INSTRUCTIONS FOR THE TASK -
Verbatim copy without images: return all of the data as it stands.

DATA PROVIDED -
□ □ □

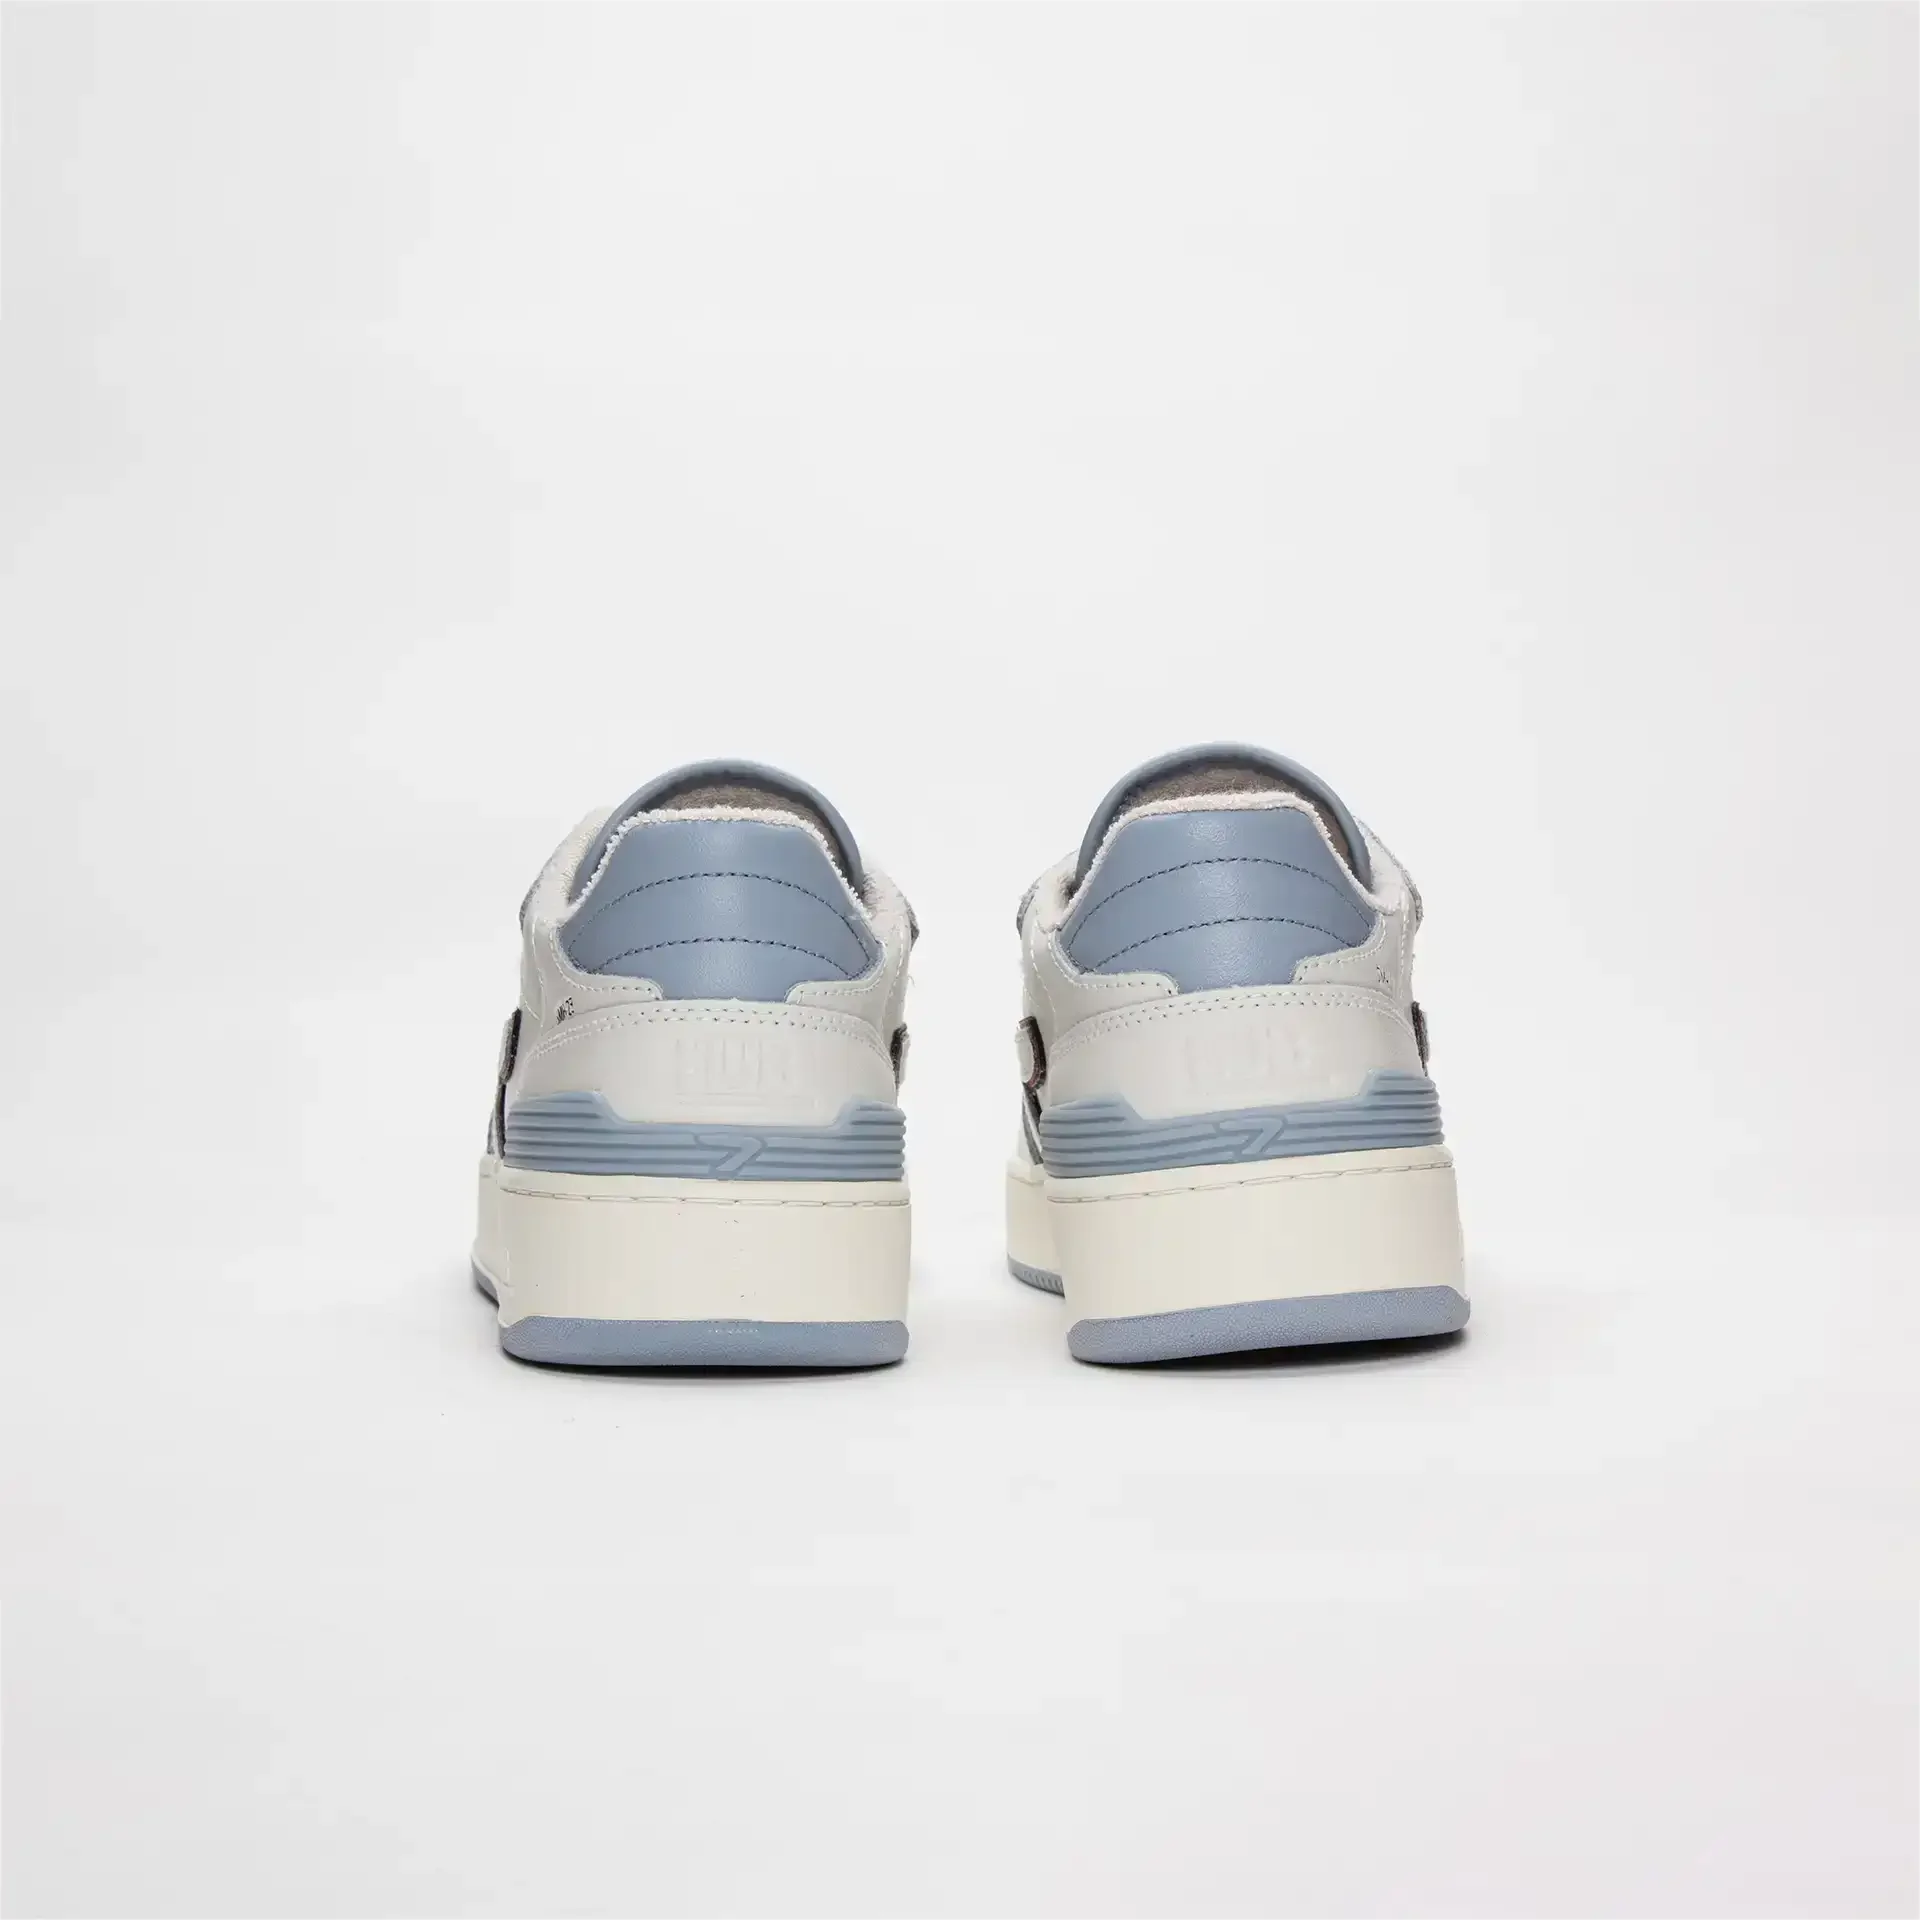 HUB Footwear Smash Sneakers Off White/Light Blue
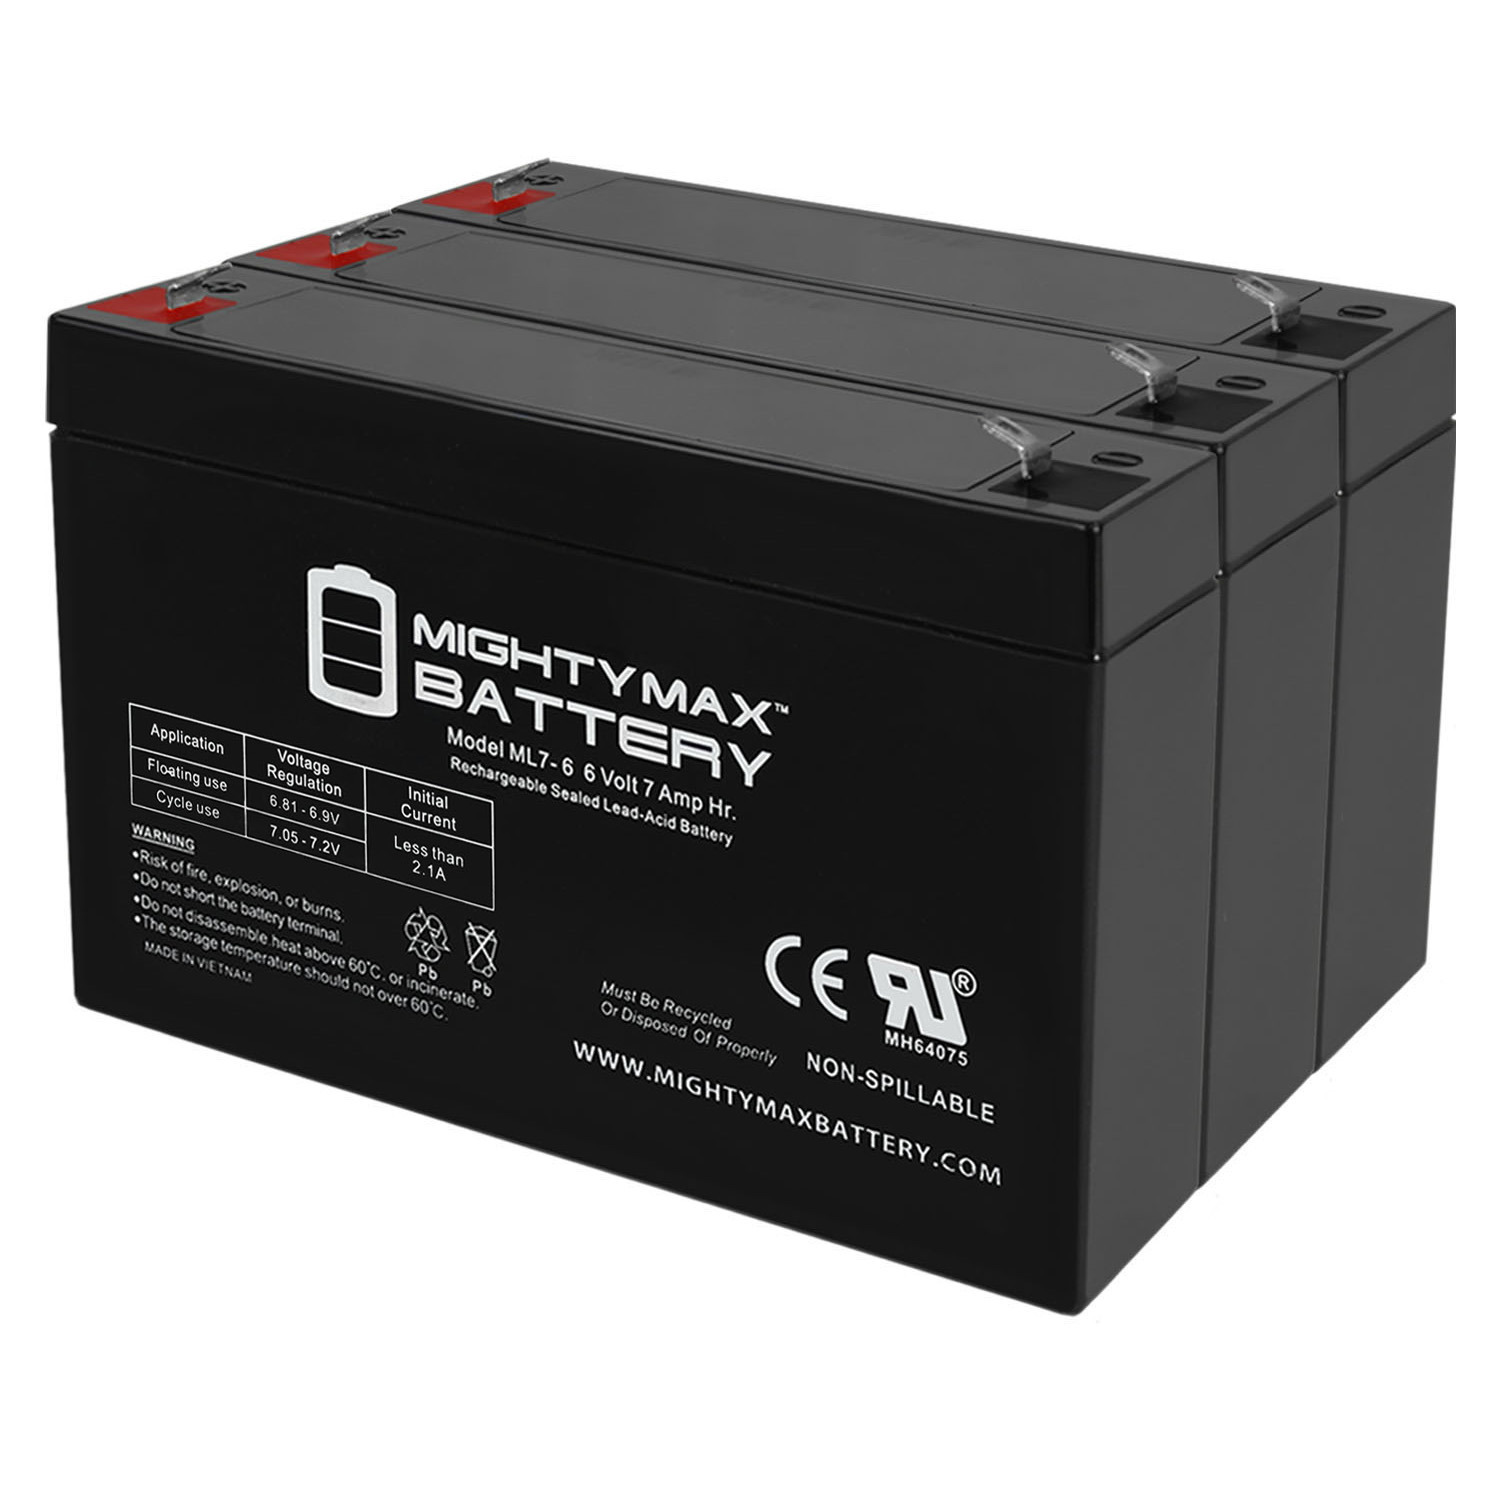 6V 7Ah SLA Replacement Battery for Elan 1610 - 3 Pack
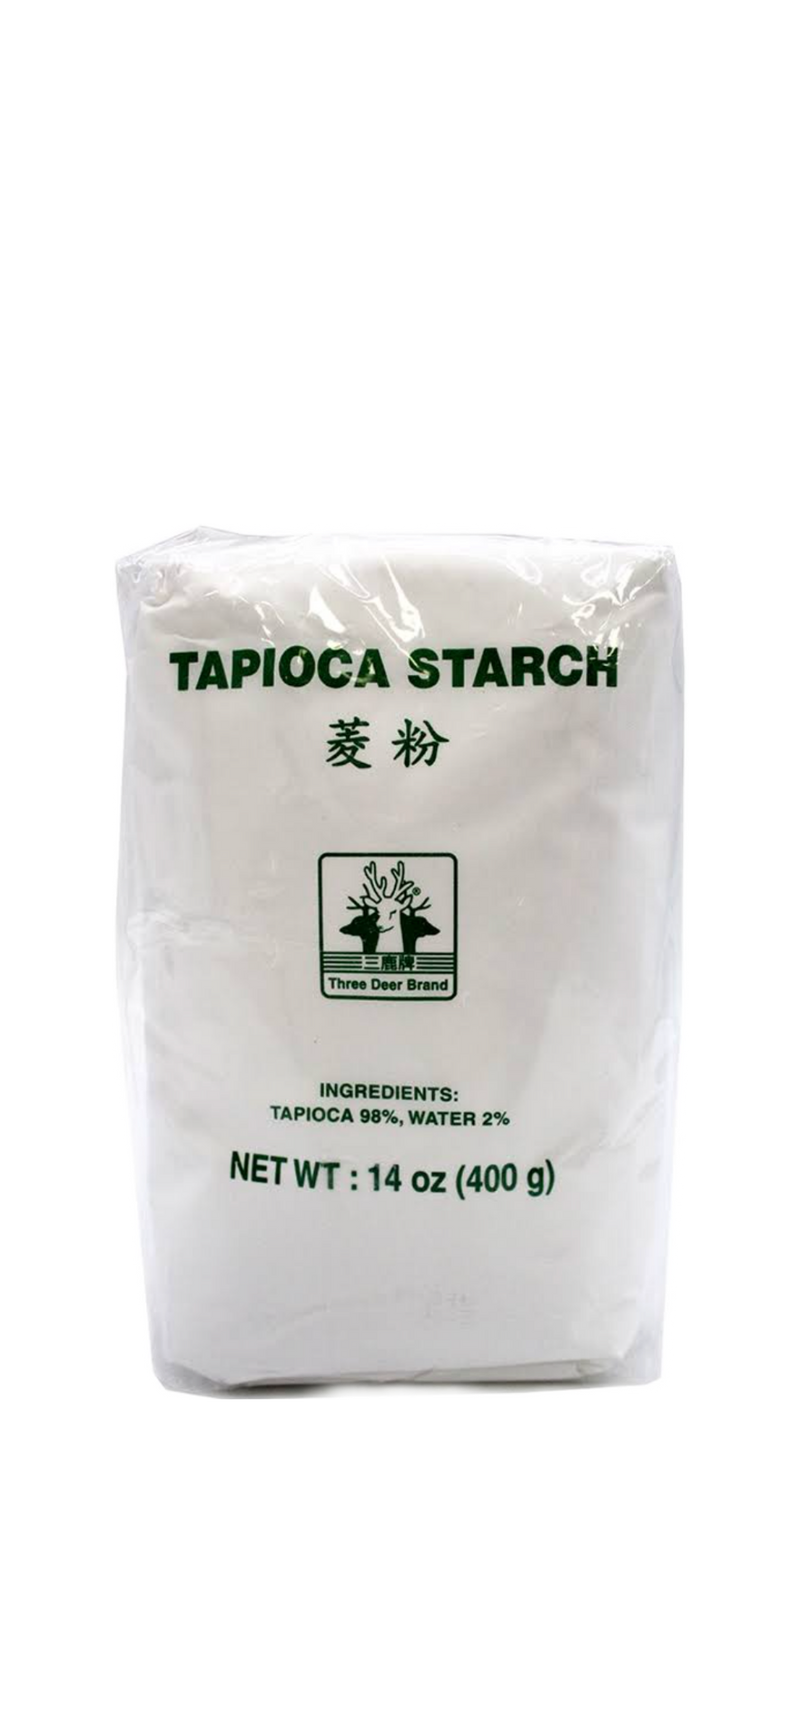 Three Deer Brand Tapioca Starch

□ □ □

EXERCISE OUTPUT -
 HUB Footwear Smash Sneakers Off White/Light Blue
 6V 7Ah SLA Replacement Battery for Elan 1610 - 3 Pack
 Three Deer Brand Tapioca Starch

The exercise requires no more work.